→ WORK INSTRUCTIONS: Transcribe the listing below in its entirety.

→ GIVEN MATERIAL:
Segment Open

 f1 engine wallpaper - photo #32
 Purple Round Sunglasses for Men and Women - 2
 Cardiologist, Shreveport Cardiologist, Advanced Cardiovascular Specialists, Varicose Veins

Segment Closed

→ ANSWER TO THIS EXERCISE:
 f1 engine wallpaper - photo #32
 Purple Round Sunglasses for Men and Women - 2
 Cardiologist, Shreveport Cardiologist, Advanced Cardiovascular Specialists, Varicose Veins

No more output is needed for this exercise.